Jon Marcoux, director of historic preservation at Clemson Design Center, scans the grounds of Marion Square for traces of “Horn Works” on Wednesday Feb. 5, 2020, in Charleston. Gavin McIntyre/Staff

The ugly slab of shell-spackled rock in Marion Square was once a piece of an intimidating tabby fort that stood like the battlements of a castle in front of the British attacking Charleston during the Revolutionary War.

The so-called “Horn Work” was a walled-off, moated, 8-acre bulwark that held 18 of the Americans’ largest guns behind a gate wide enough that Gen. William Moultrie rode through at a full gallop.

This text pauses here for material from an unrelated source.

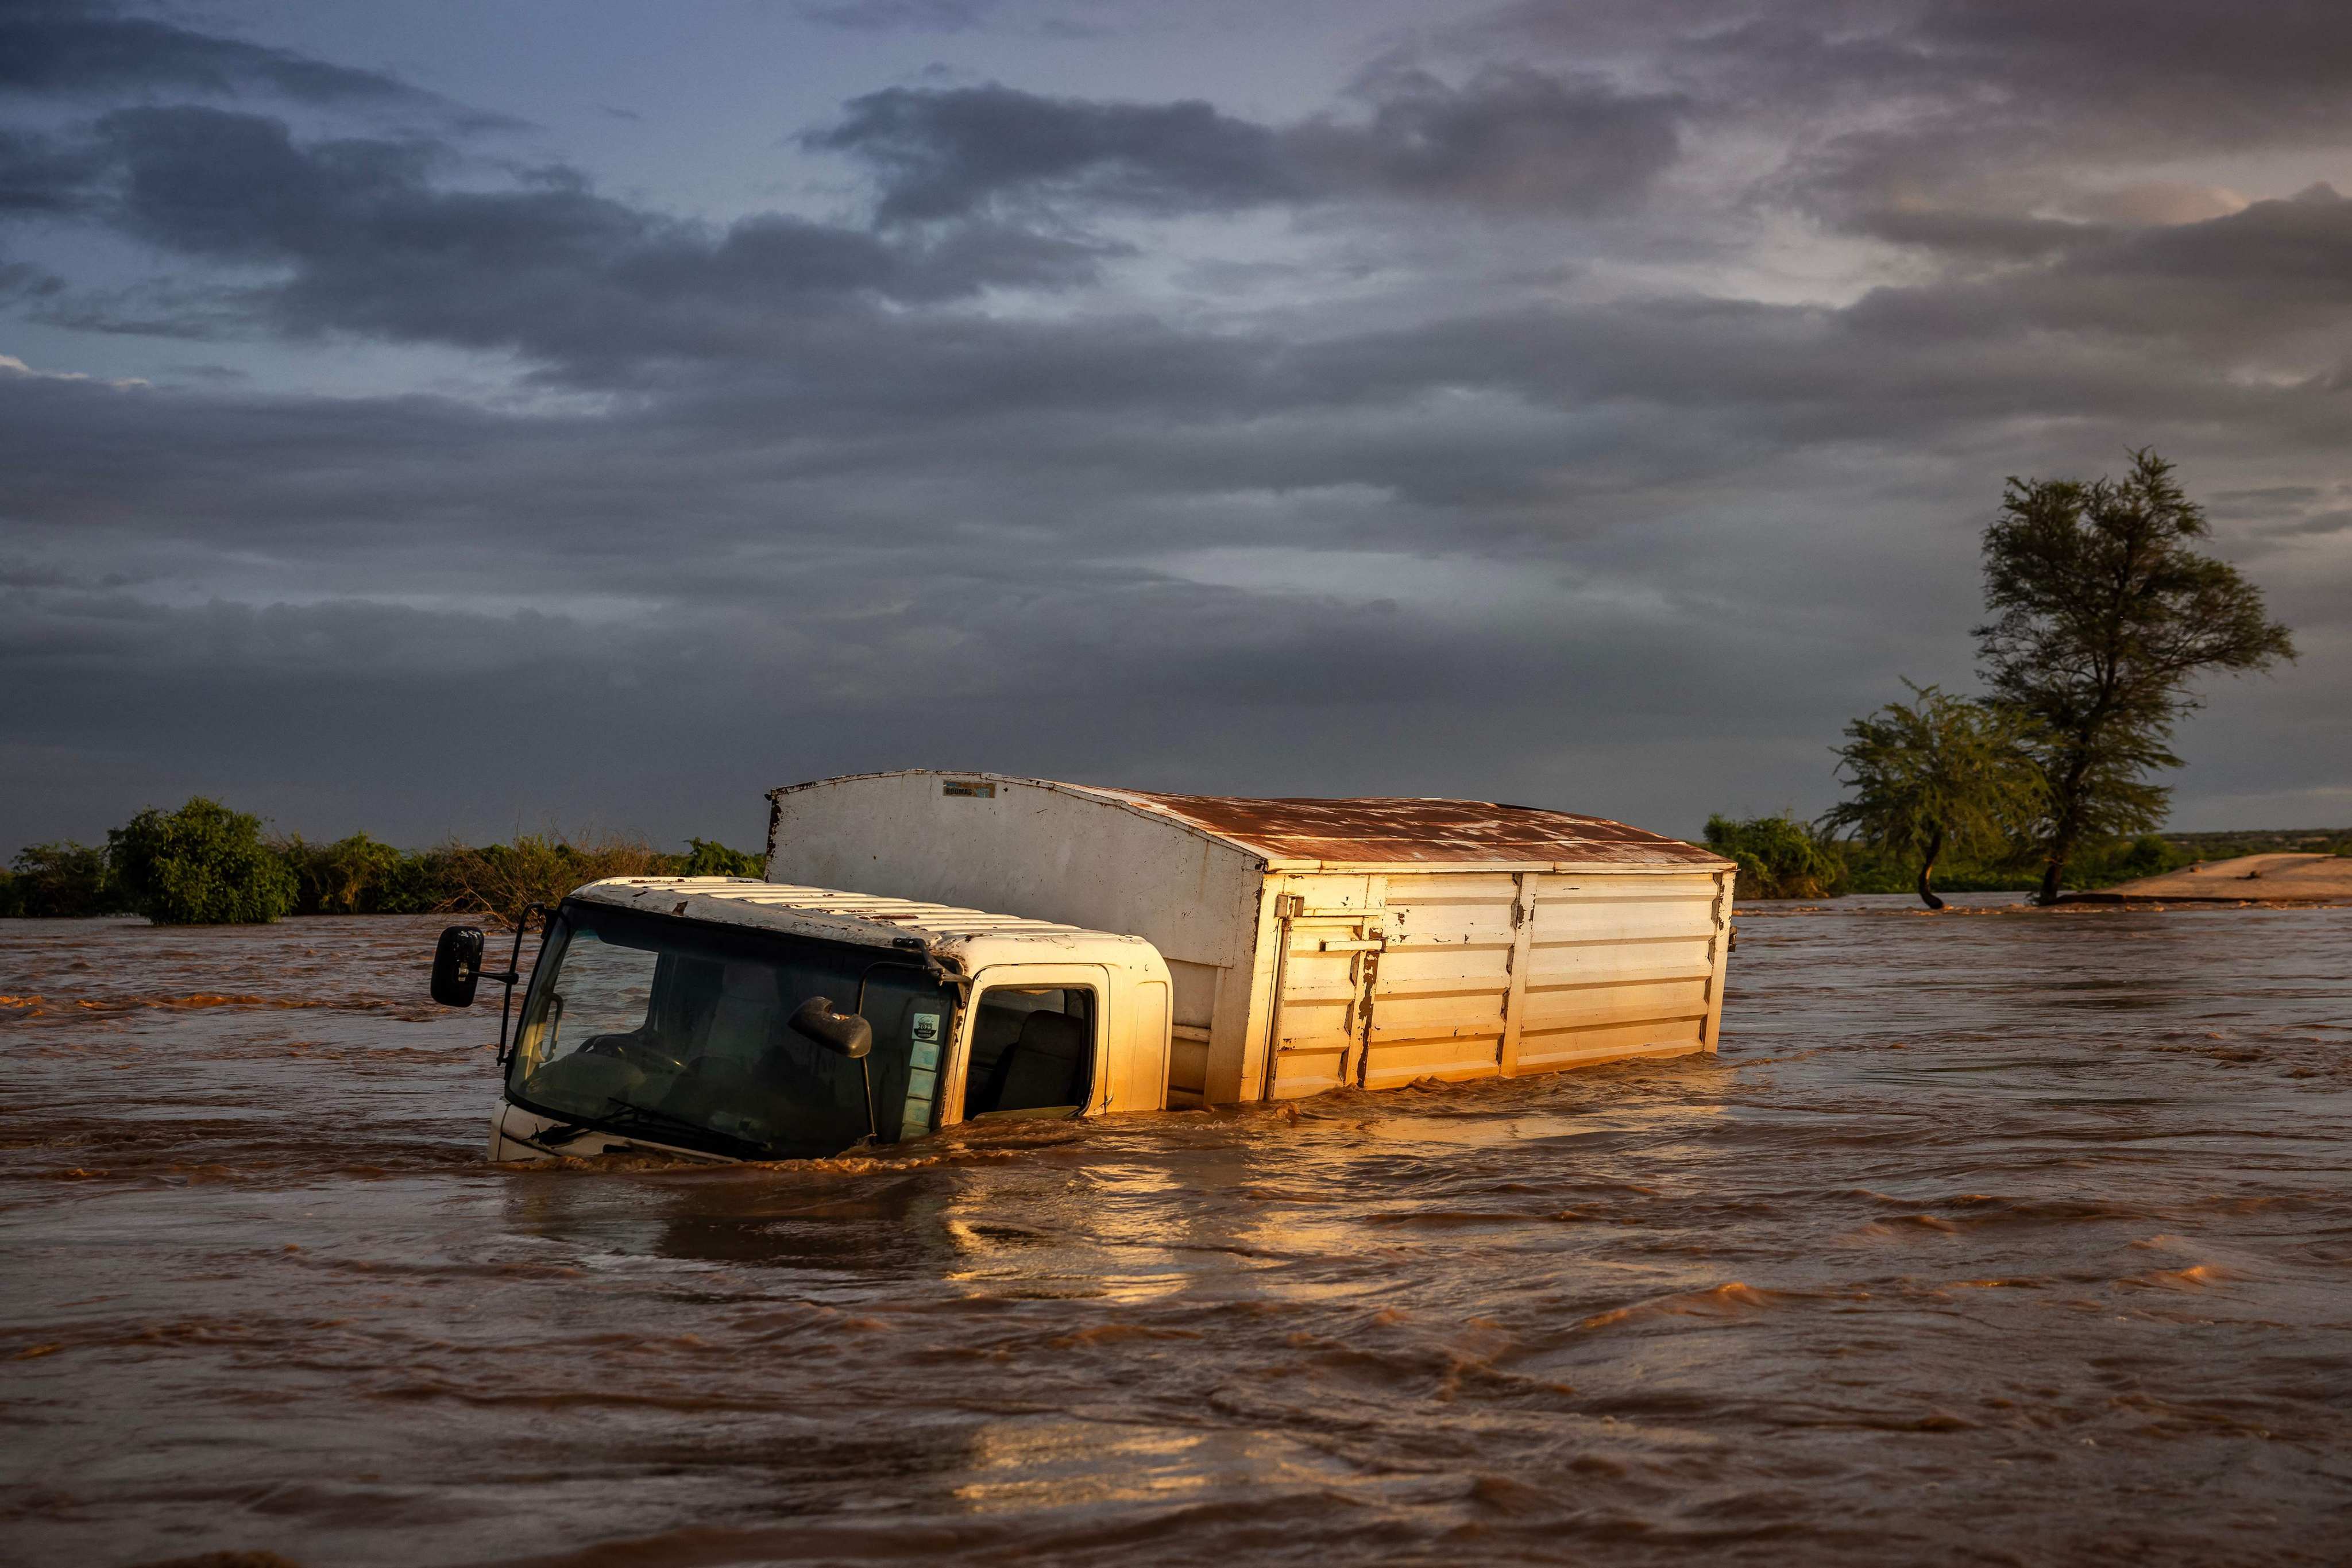 A truck sits submerged in flood waters following the destruction of a main road amid flash floods in Garissa, Kenya, on May 8. Kenya is grappling with one of its worst floods in recent history, the latest in a string of weather catastrophes, following weeks of extreme rainfall scientists have linked to a changing climate. Photo: AFP

The works might easily be the largest tabby fort ever built.

But nobody knows, yet.

That’s why Clemson Design Center and College of Charleston students are in Marion Square this week rolling ground-penetrating radar trying to ping buried rock slabs or the leftover remains of the fort’s foundation.

The goal is to pinpoint where and how big the defense was while helping to better understand its signature role in the history of the city using interpretative markers and augmented reality re-creations.

“Huge, impressive, intimidating, the structure literally guarded the entrance to Charleston,” said historian Nic Butler, who has pushed for the overdue recognition.

The Horn Work straddled today’s King Street, which 250 years ago was the only road into the city. It went from Marion Square to the Francis Marion Hotel and adjoining garage. Its rear wall likely abutted today’s Calhoun Street. Its name came from two protruding points that faced north, putting soldiers on walls to either side of people entering the gate hoping to pass south on King.

It withstood attacks during the 1780 Siege of Charleston. One eyewitness characterized the gunfire as devastating to British soldiers. The city, though, surrendered after a bombardment by British guns.

The walls stood for only 30 years, knocked down likely to fill the moat with the debris.

Today the lone slab is all that remains above ground, with a simple marker that reads “Remnant of Horn Work.”

“Visitors come (and) see this ugly piece of rock and say, ‘I don’t care,’ ” Butler said.

Others, though, boast of its significance.

Gabriel Cristofari, a graduate student, listens to Jon Marcoux, director of historic preservation at Clemson Design Center, explain a device to scan the grounds of Marion Square for traces of “Horn Works” on Wednesday Feb. 5, 2020, in Charleston. Gavin McIntyre/Staff

“Nobody knows what a Horn Work is and nobody knows how massive this fortification was,” said Doug Bostick, director S.C. Battlefield Preservation Trust, who hopes to make the site a featured stop on a statewide Liberty Trail, working with the American Battlefield Trust.

“This was the literal gates the city,” he added.

As the fort was torn down, a few pieces were kept by nearby landowners to be used as garden walls. Less than 100 years later, the slab apparently was all that remained visible, photographed by a Union soldier at the close of the Civil War, fenced off by artillery pieces with a stack of cannonballs alongside.

This photograph of the remnant of the “Horn Work” was shot by a Union soldiers at the close of the Civil War. Library of Congress/Provided

Sketches of the Horn Work have been preserved, but they disagree on details. A few archaeological survey trenches were done in the 1990s as part of a reclamation of the square after the wreckage of Hurricane Hugo. That survey found pieces.

This week, students working under design center historic preservation director Jon Marcoux are picking out more from radar images that Marcoux described as little more than blobs anywhere from a few inches to 3 feet under ground.

The hope is a full preservation of what’s left — a footprint for historic interpretations of the site and a guide on what to avoid in any future development of the square.

For Marcoux it’s more than historic preservation. It’s a real world, hands-on project for students that shows the importance of what they do for history.

“Find the footprint so it can be laid out, mapped in and avoided. It gives them a sense of accountability, that we have a responsibility to be stewards of this,” he said.

As an experience it gets, in the words of design center graduate student Rachel Wilson, “a 10 out of 10 cool factor.”